The pair now turn to the Astors in Astor: The Rise and Fall of an American Fortune, offering a fascinating, frank and extremely critical portrayal of a clan prone to both greed and miserliness, in the unhappy grip of a fortune that was created with “very real brutality.”
It all began with John Jacob Astor, the son of a German butcher, who came to America in the 18th century and grew rich in the beaver fur trade, then New York City real estate. Subsequent generations would go on to manage and be defined by that obscene wealth — in part by acting as slumlords — before their empire diminished in a sad soap opera of infighting and scandal. (Brooke Astor’s son Anthony Marshall, you may recall, was convicted of larceny, among other things, in 2009 for looting his mother’s fortune while she was incapacitated by Alzheimer’s disease.)
We talked to Cooper about the new book, being a Vanderbilt and more.

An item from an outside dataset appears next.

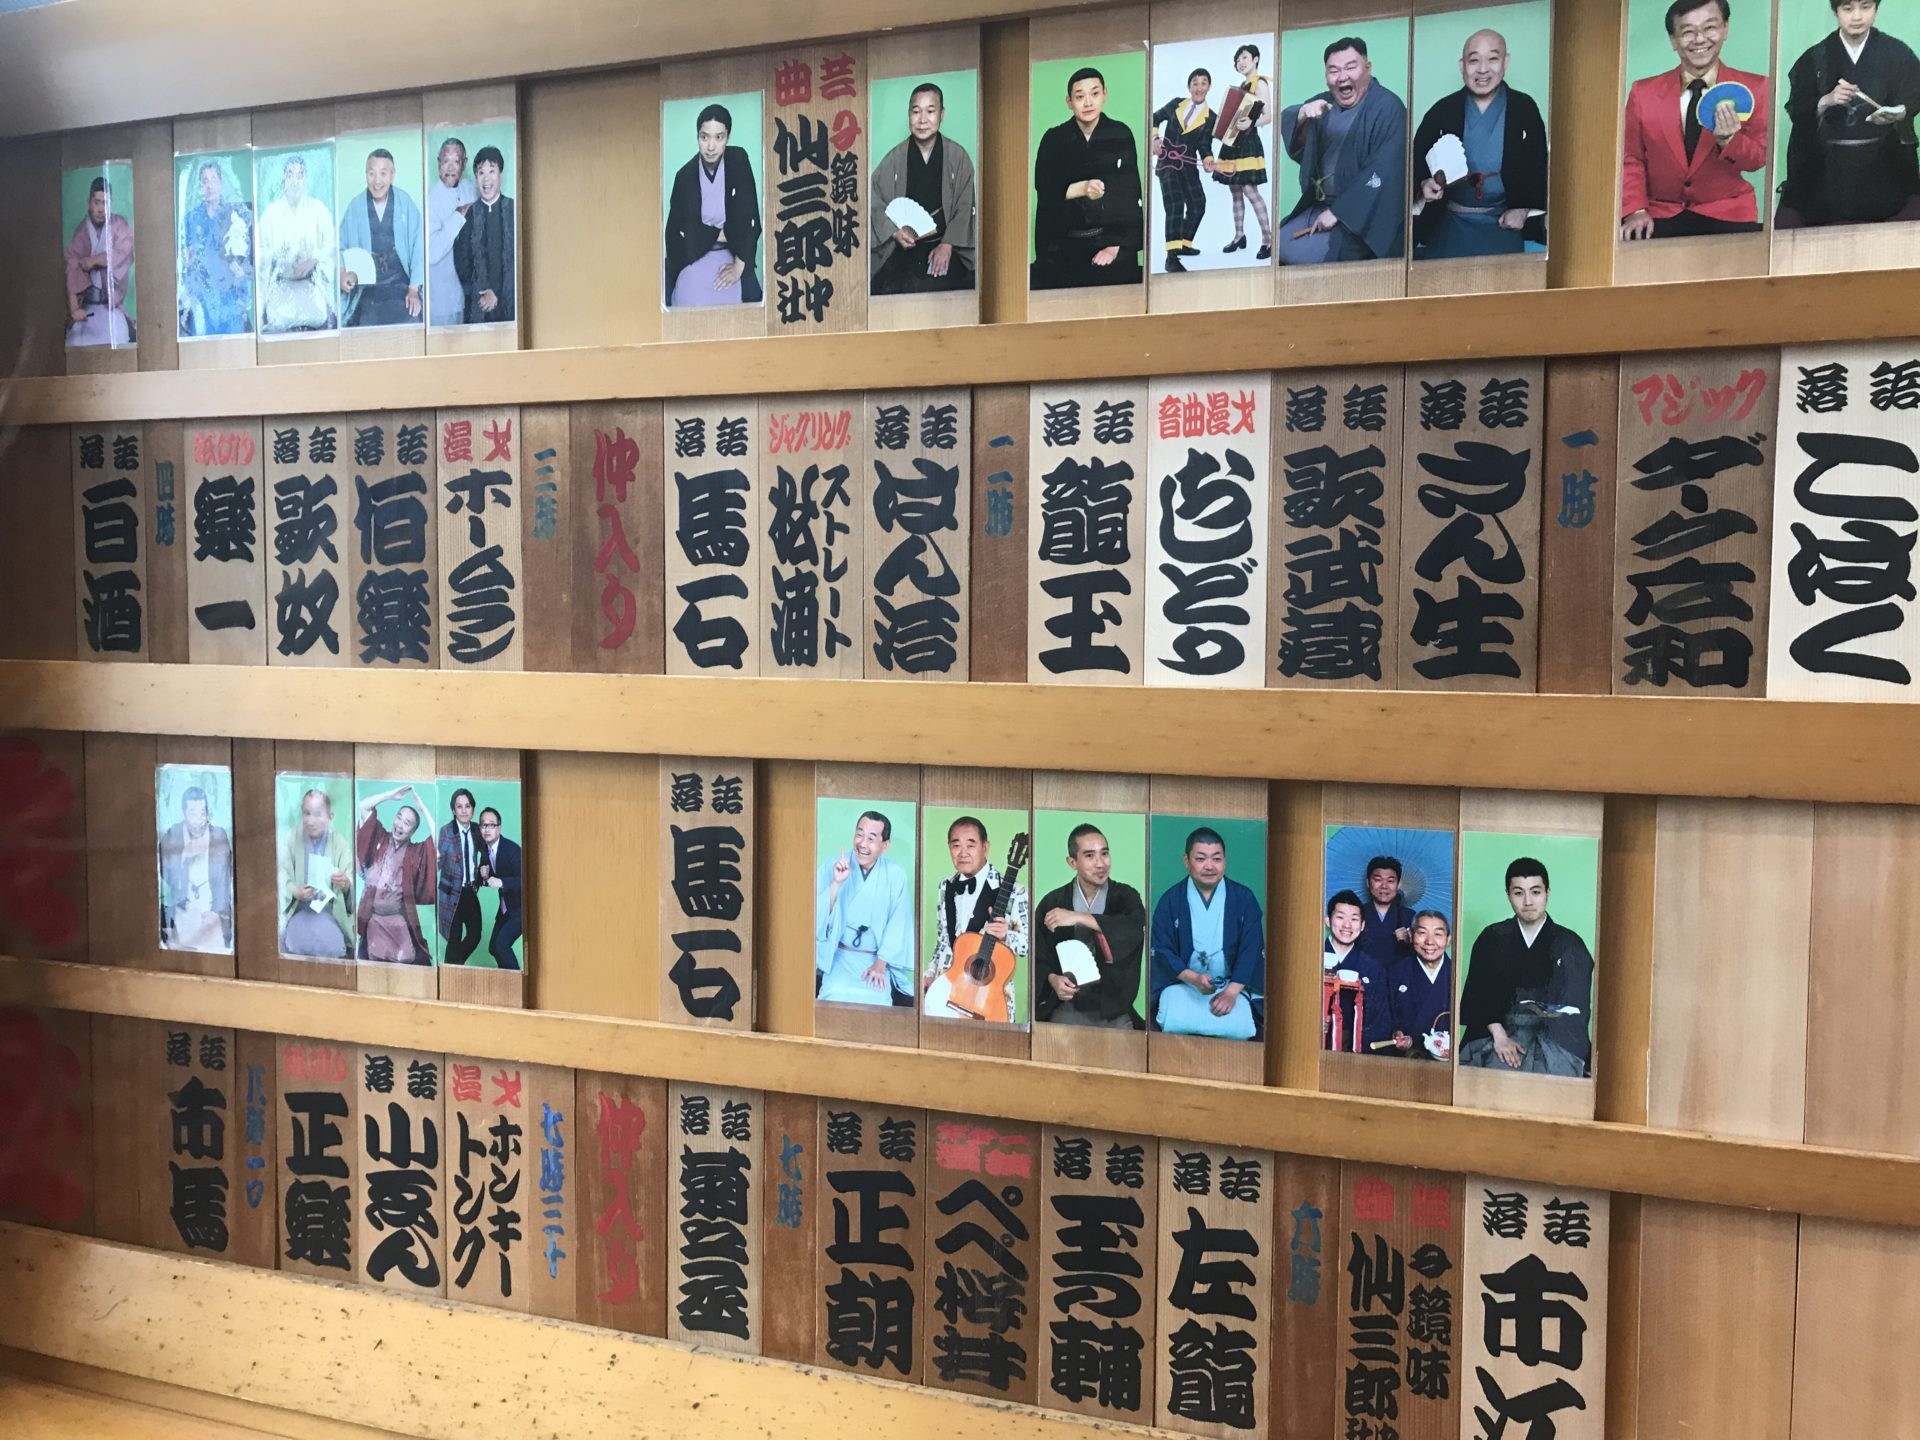 鈴本演芸場 2018年9月上席

You write in the book that it was Katherine’s idea to tackle the Astors after you wrapped up Vanderbilt. What was your reaction to the idea?
I just knew I wanted to do another book with her — I loved the experience with Vanderbilt — and I didn't have another idea. Then once I started reading and learning about [the Astors], it became much clearer to me that this made absolute sense. But [as with Vanderbilt], I was less interested in the business side and more interested in the human stories and the pathology of the moneymaking and its ripple effects over the generations.